### Data segment ###

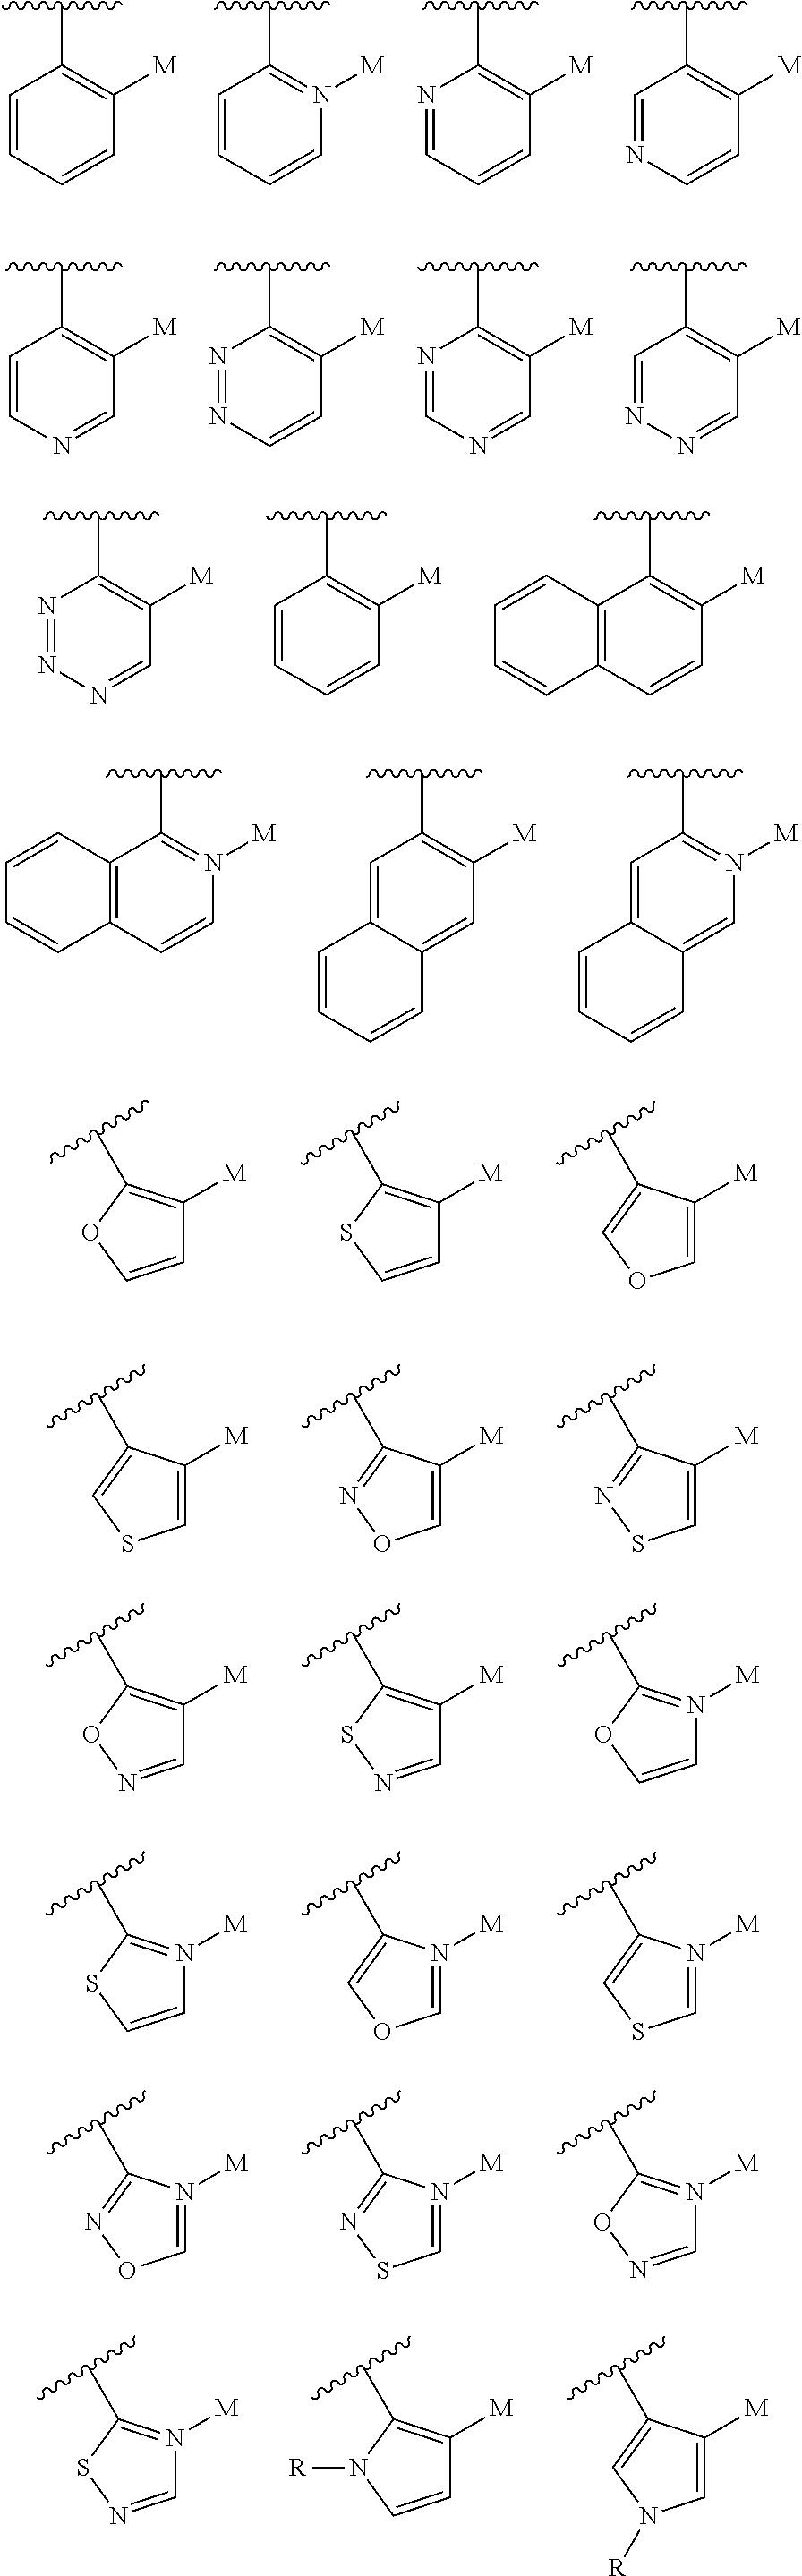 Figure US09818959-20171114-C00053
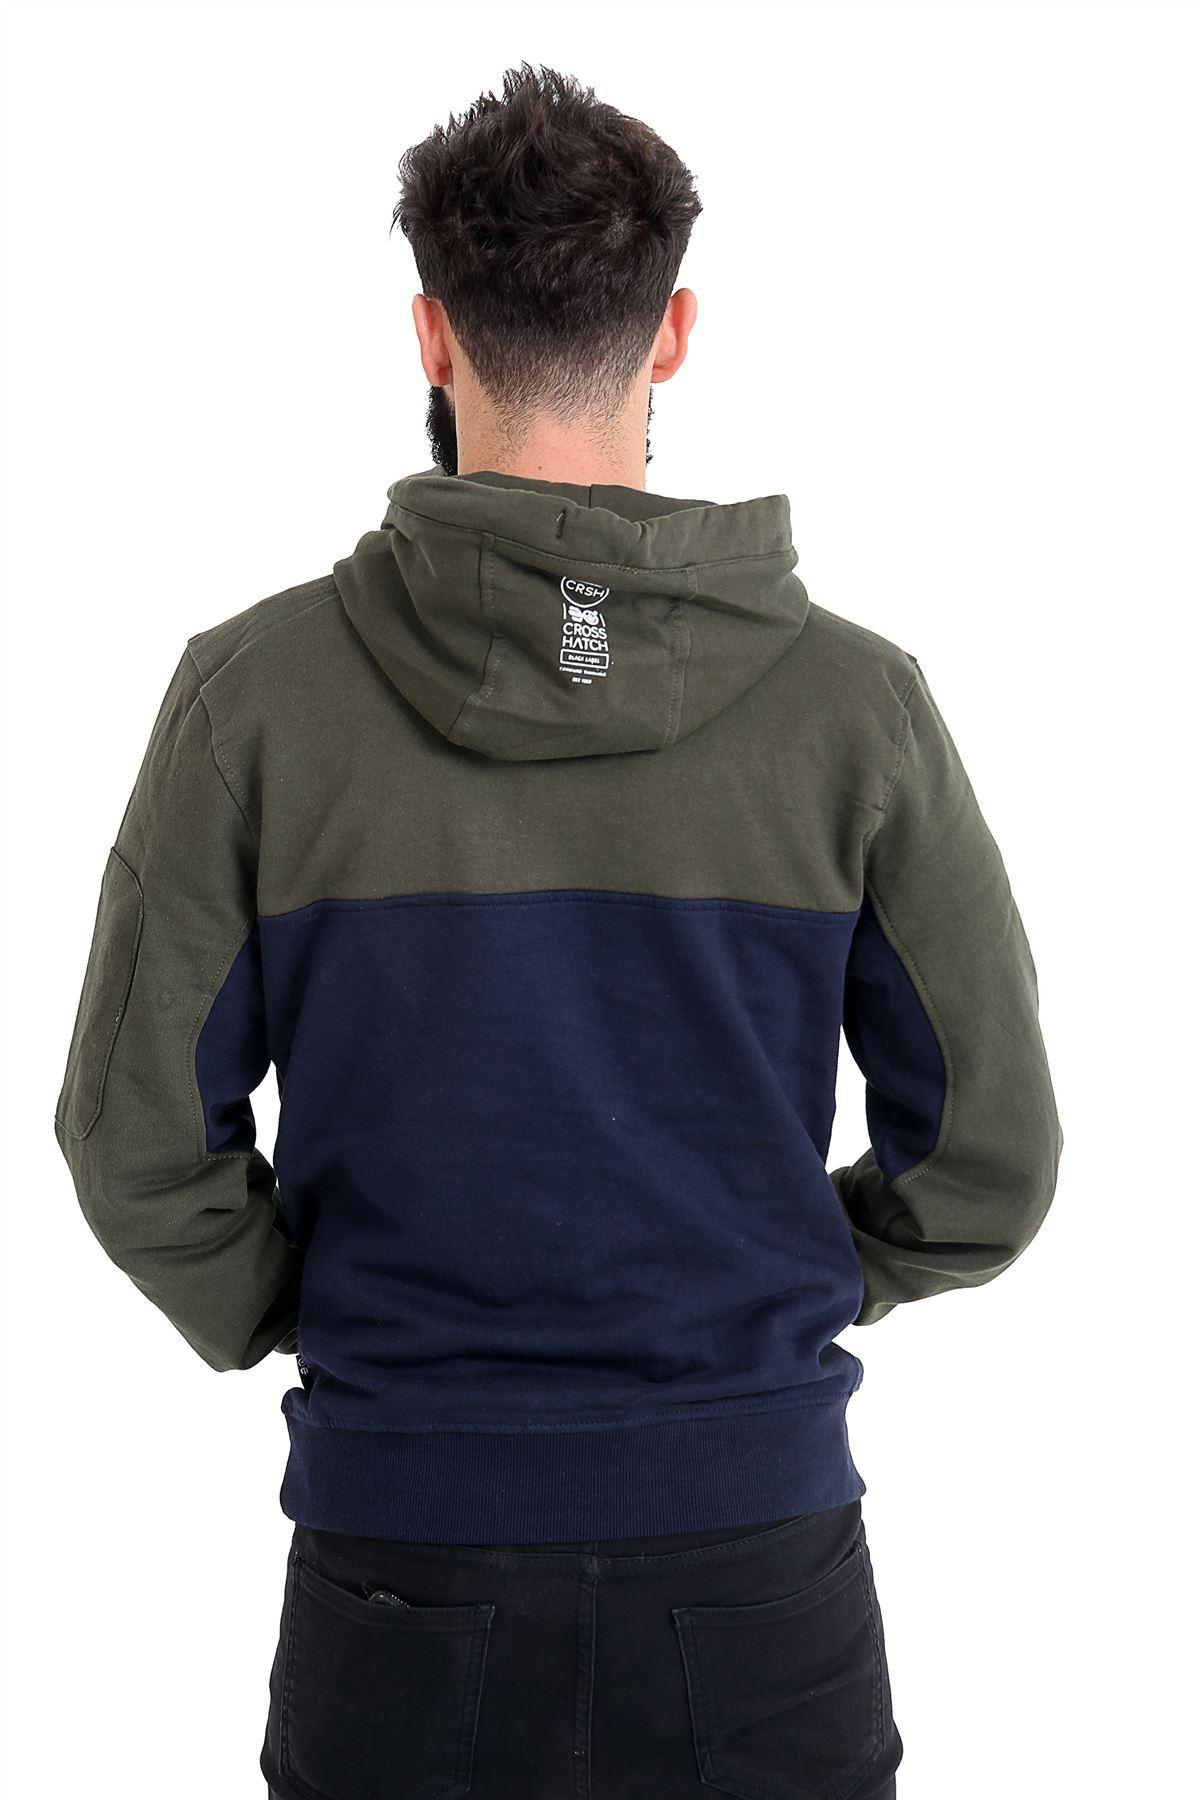 Mens Crosshatch Hoodie Sweatshirt Hooded Jumper Top Pullover 2018 Winter Style
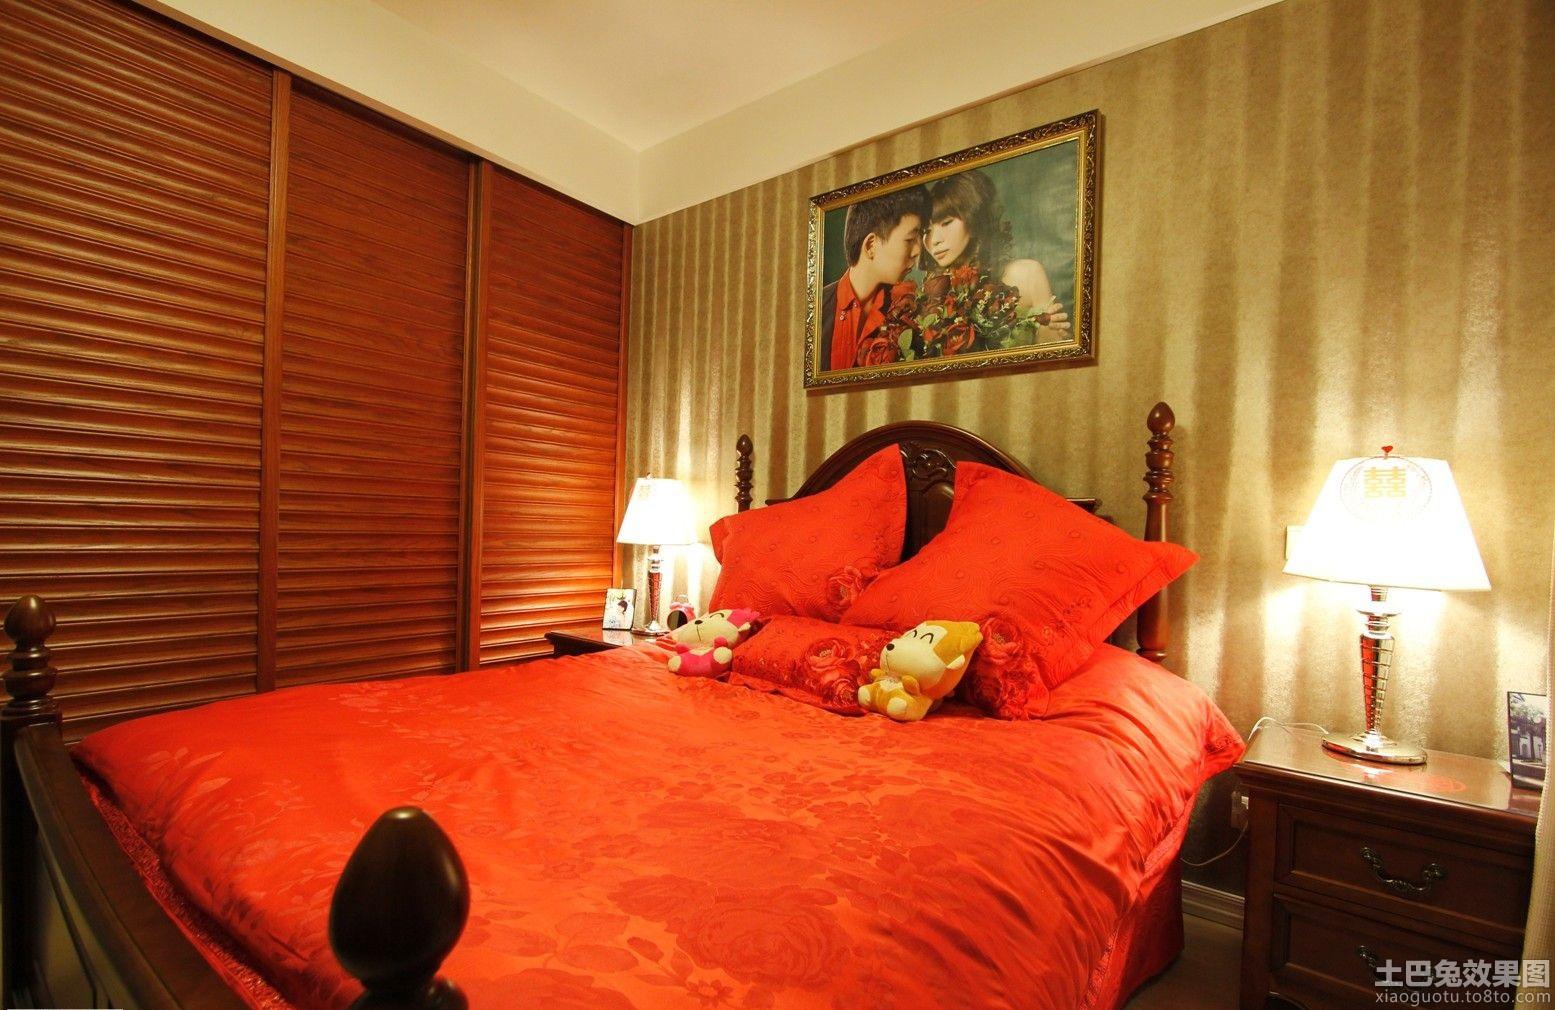 中式婚房卧室装修效果图大全装修效果图 第10张 家居图库 九正家居网

###

Action item
With the pictures omitted, reproduce the data above exactly.

Answer below
 Figure US09818959-20171114-C00053
 Mens Crosshatch Hoodie Sweatshirt Hooded Jumper Top Pullover 2018 Winter Style
 中式婚房卧室装修效果图大全装修效果图 第10张 家居图库 九正家居网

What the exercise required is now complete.